Saturday, February 10, 2007

Senate Dems Consider Honoring Pro-abortion Anti-Abstinence Activist

"The U.S. emphasis on stopping young people from beginning intercourse…may be directly and indirectly harming American youth." --Cynthia Dailard


Cynthia Dailard , who recently passed away, believed that teaching abstinence to children might hurt them. So she spent much of her life's work writing, speaking and generally promoting this lie:

Adolescence is a time marked by physiological and psychological maturation. The formation and testing of romantic attachments and the physical expression of sexual feelings are a natural and developmentally appropriate part of this process.


Teach comprehensive sex education to teenagers, and they are much better off, Dailard believed.


"Contraception is the most effective way to help people avoid unintended pregnancy."3


Luckily, facts - as John Adams once said - are stubborn things, and "whatever may be our wishes, our inclination, or the dictates of our passions, they cannot alter the state of facts and evidence."

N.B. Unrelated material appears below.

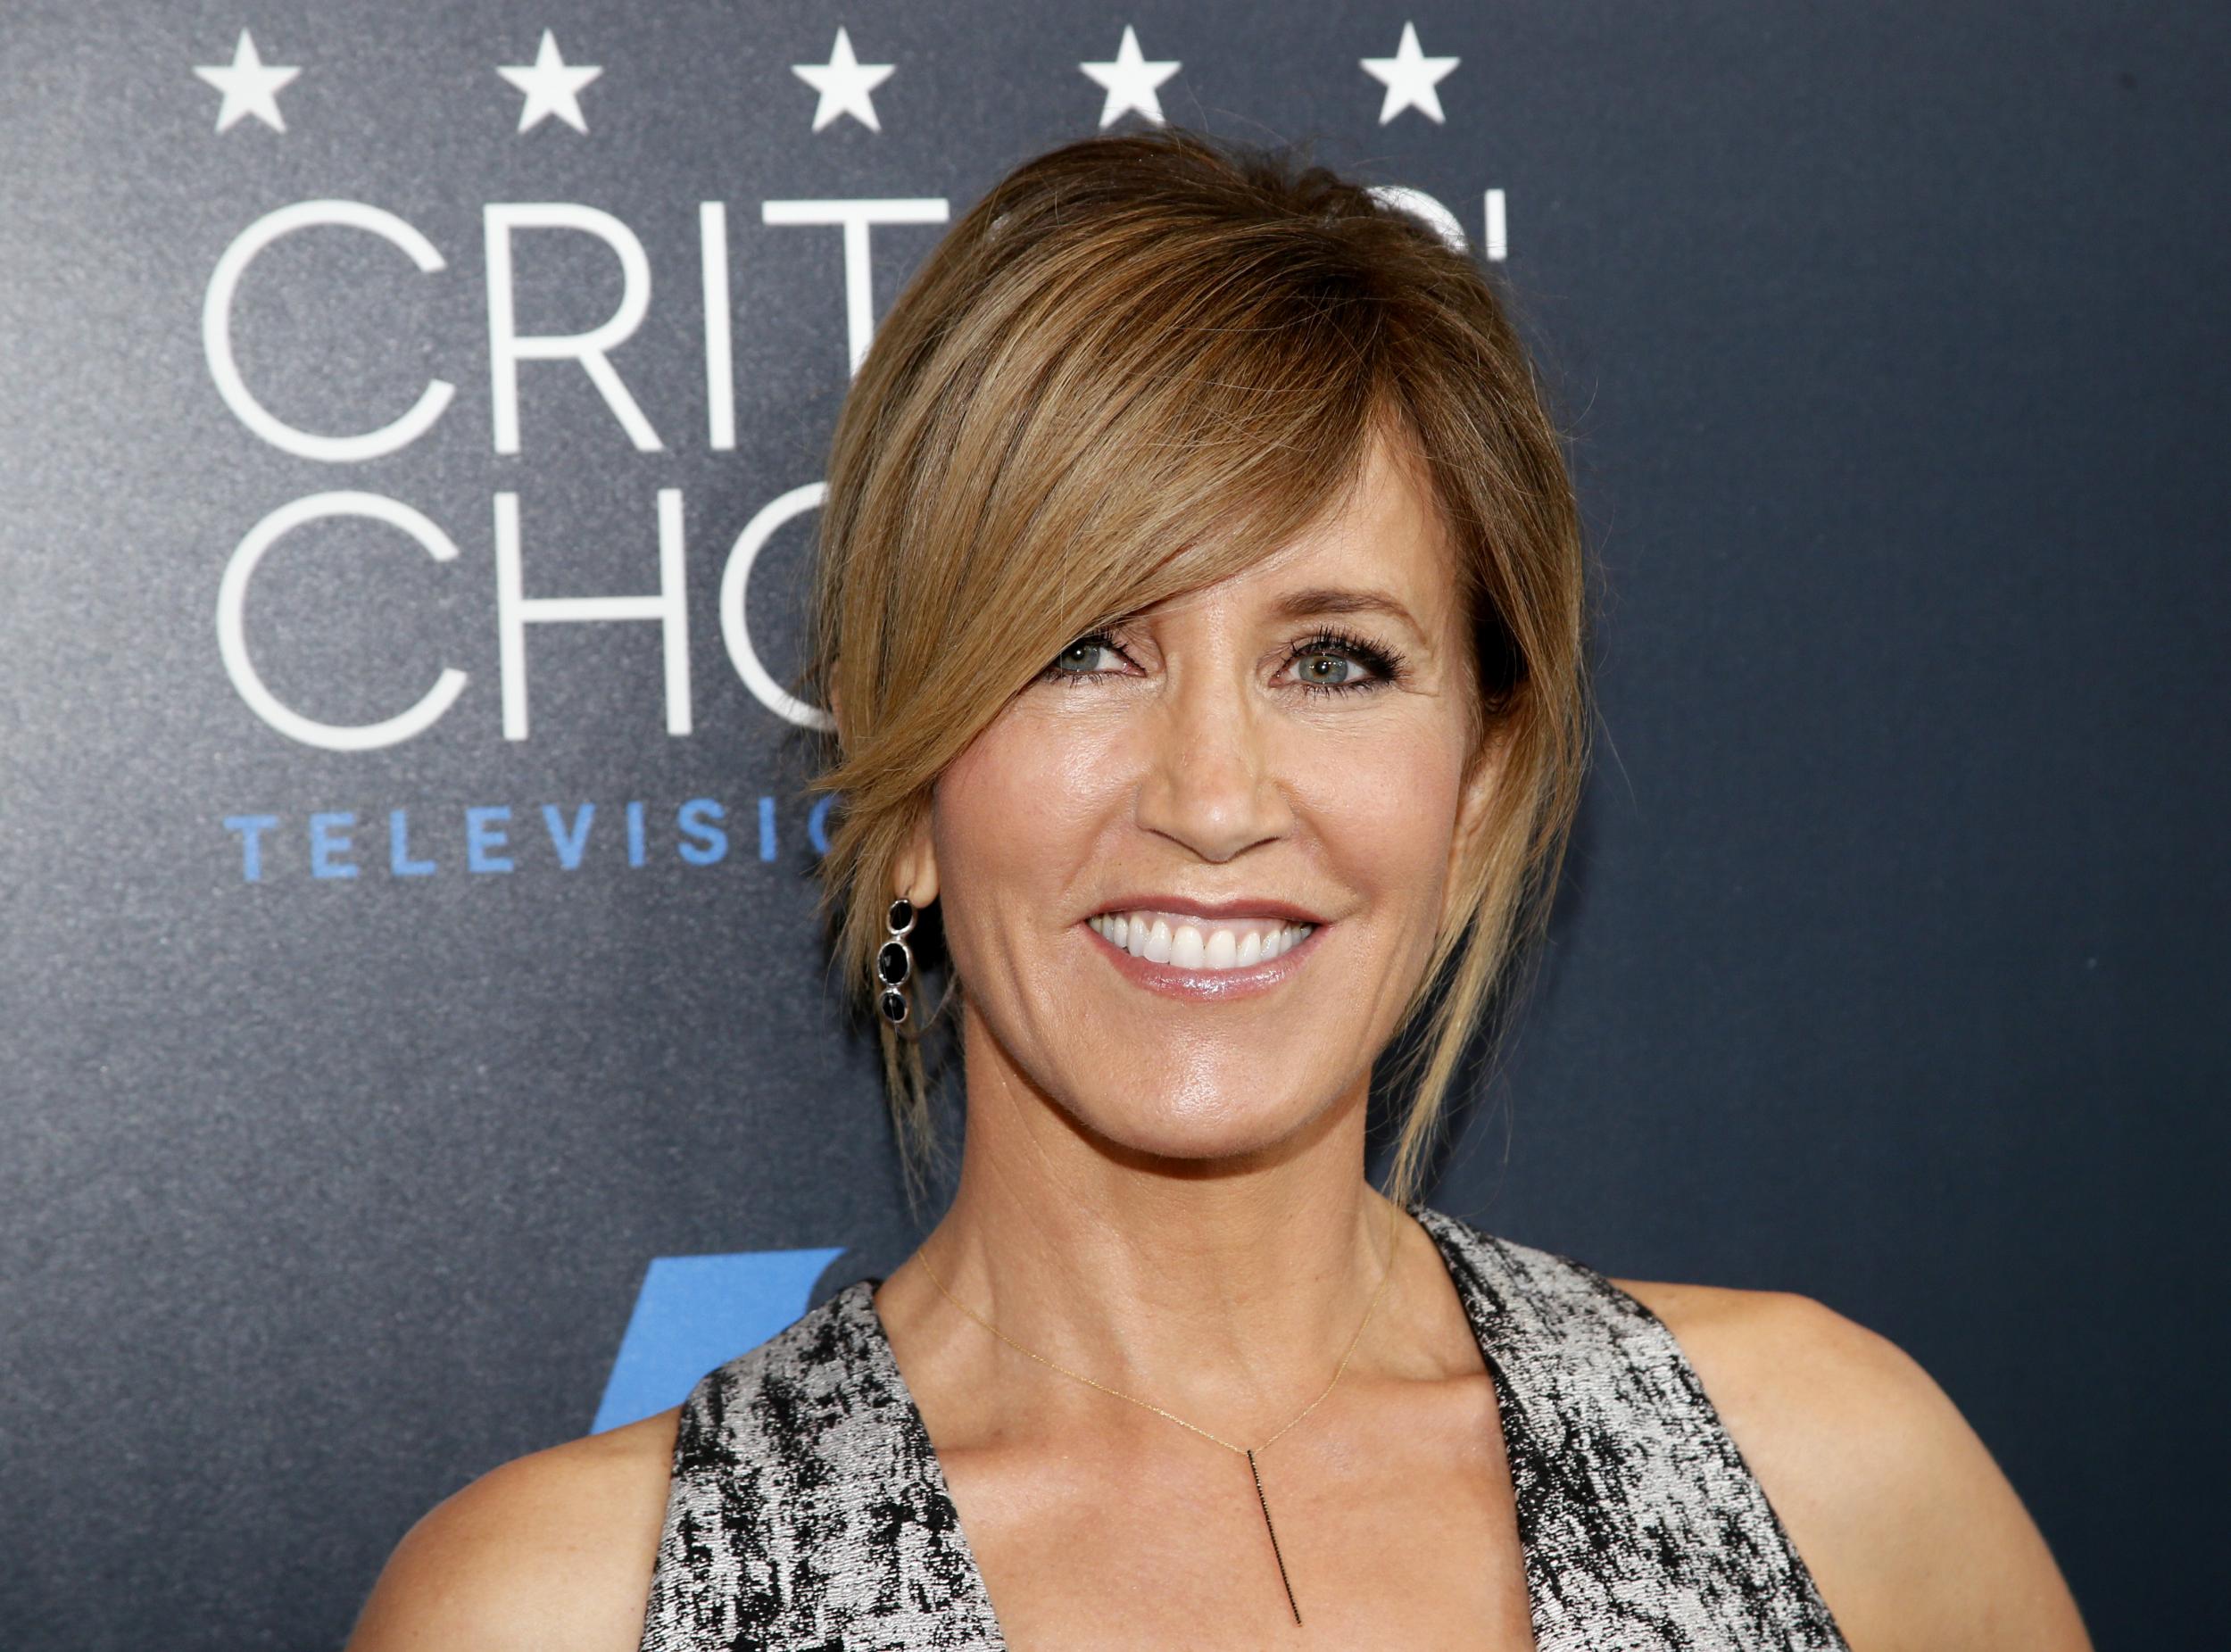 Felicity Huffman is the latest star to confirm her attendance

Thus, it matters not that liberals like Cynthia Dailard are passionate about teaching kids how to put condoms on bananas and telling them which birth control is best. A rational examination of the evidence - the physical, emotional, cultural and economic ramifications of unwed teen pregnancy - points directly to the necessity of an unequivocal abstinence-only message.


Dailard also railed against attempts to curtail or ban abortion. She called South Dakota's attempt to ban abortion a "punitive and misguided approach."


If Senator Hillary Clinton and other pro-abortion Democrats have their way, Congress will pass a resolution (H. Con. Res.39 and S. Res. 36) posthumously honoring Dailard's life of pro-abortion, anti-abstinence work.